Being in good spirits this afternoon, I decided to strike up a conversation with the driver of this taxi by asking him about his collection of Buddhist amulets and small statues of revered monks on his dashboard. According to the cabby, most of them are there to protect him from evil spirits. But after answering my initial question, he gave me the cold shoulder. I hope that he didn't consider me to be one of the "evil spirits" to which he was referring.
It has been more than a week since Thailand lost one its most revered monks, Luang Phor Koon. Many Thais, including taxi drivers, have long looked to him for guidance, especially relating to finances as he was known for his ability to raise millions of baht to build temples and schools in Nakorn Ratchasima Province where he was an abbot at Wat Ban Rai. Born in 1923, he dedicated most of his life to studying Buddhist teachings and to helping the needy. He will be missed by many, but his memory will live on in the hearts of many Thais and in the form of amulets, small statues, and stickers in Bangkok taxis.

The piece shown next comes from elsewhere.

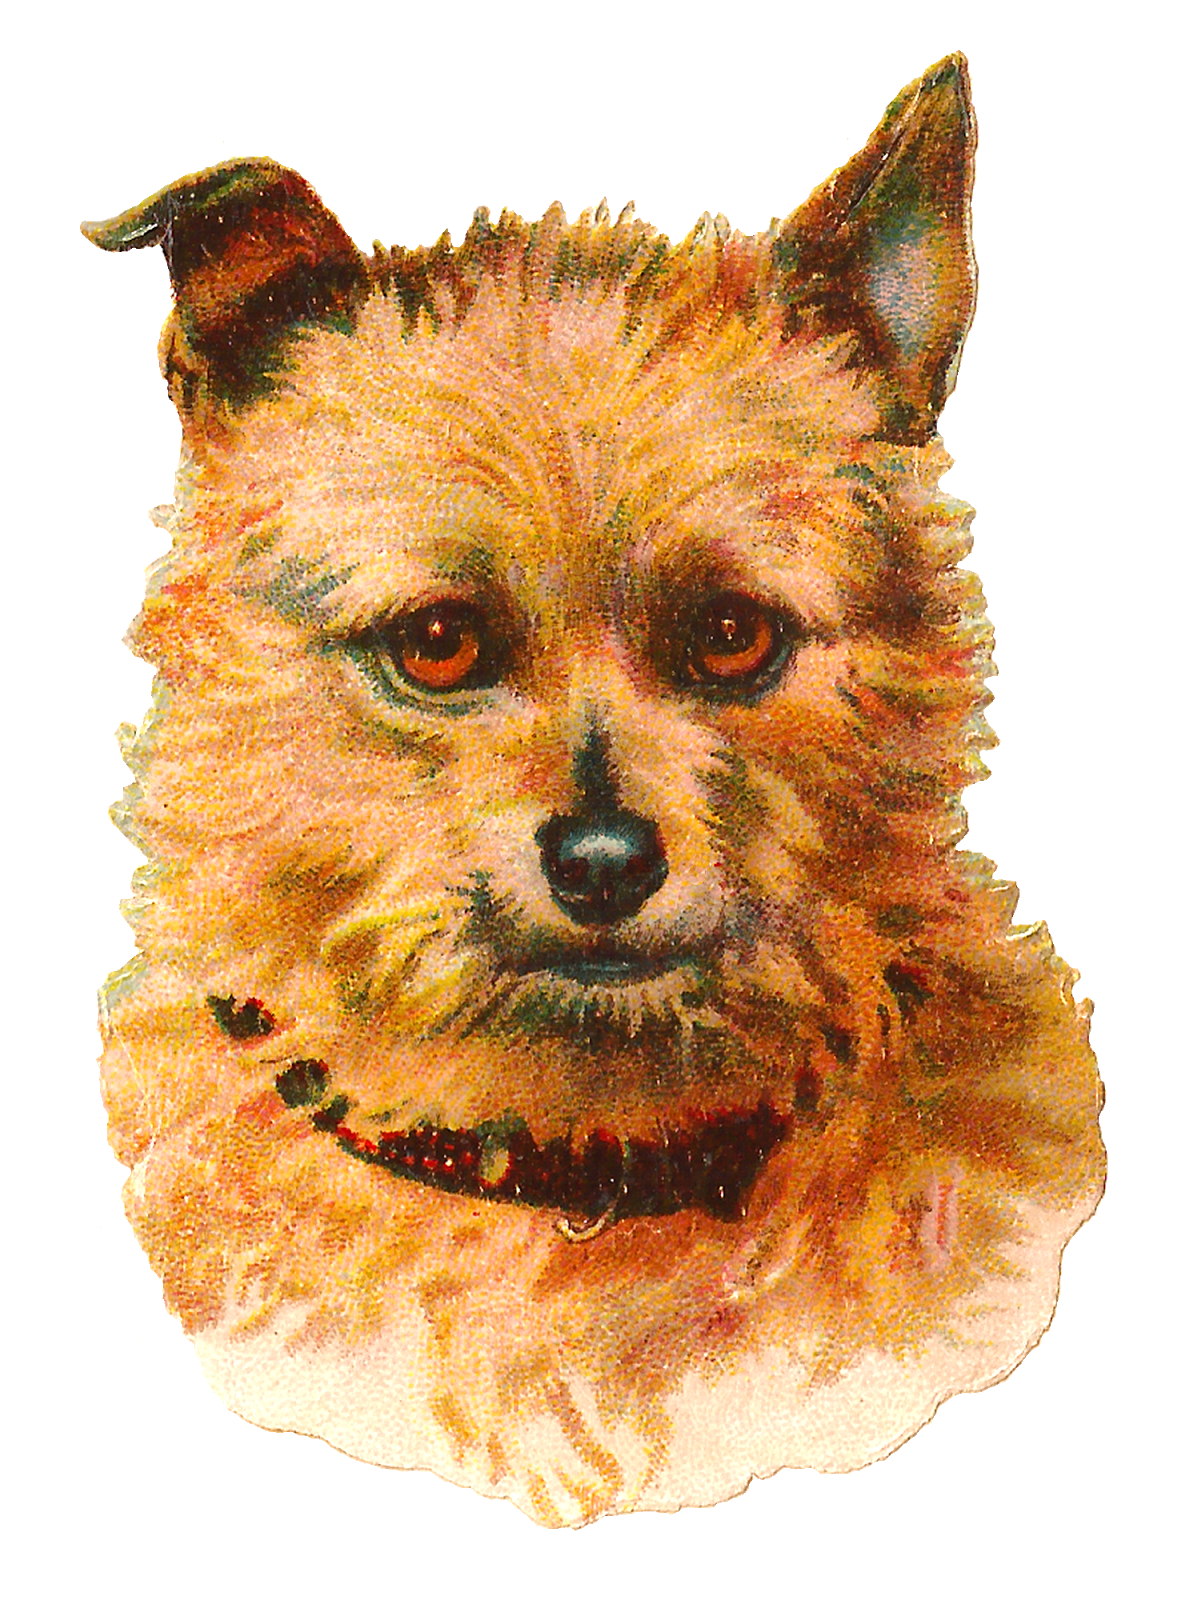 Terrier dog clipart clip art royalty free Antique Images: Dog Australian Terrier Vintage Animal Portrait Clip ... clip art royalty free

In Thai culture, two always packs more punch than one. After all, this is the home of the original Siamese twins. In the local language, words are often repeated for emphasis, and even when English is used, you often hear the "same same" words spoken twice. In the case of Bangkok taxis, it is common to see duplicate decorations on dashboards and in the back of cabs. I'm wondering if these cloned characters and twin talismans are supposed to bring double the luck, or did the cabbies simply pick them up at "Buy one, Get one" sales.